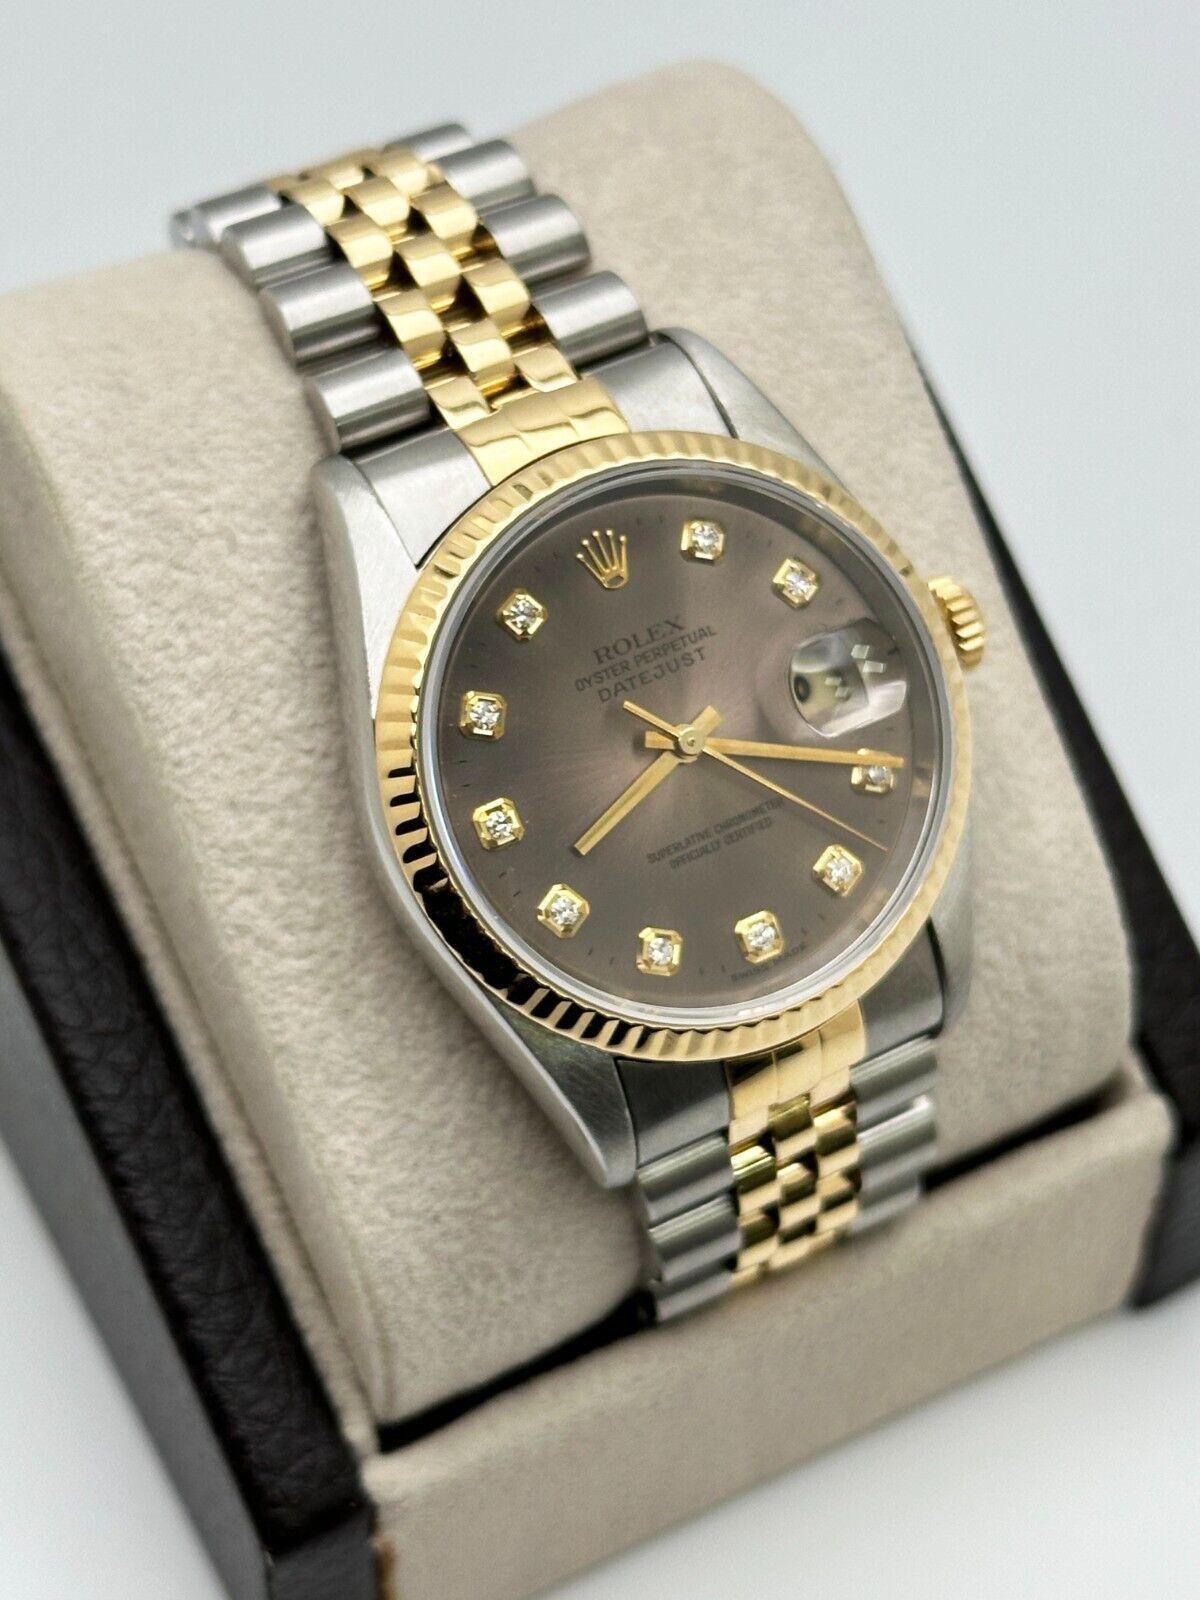 
Style Number: 16233



Serial: T295***



Year: 1995

 

Model: Datejust

 

Case Material: Stainless Steel

 

Band: 18K Yellow Gold & Stainless Steel 

  

Bezel: 18K Yellow Gold 

  

Dial: Factory Diamond Dial - Dial is original and has

Work required: Beginning with the line that holds "Model: Datejust", please give again each line exactly until the records end, and include that final line.

Exercise response:
Model: Datejust

 

Case Material: Stainless Steel

 

Band: 18K Yellow Gold & Stainless Steel 

  

Bezel: 18K Yellow Gold 

  

Dial: Factory Diamond Dial - Dial is original and has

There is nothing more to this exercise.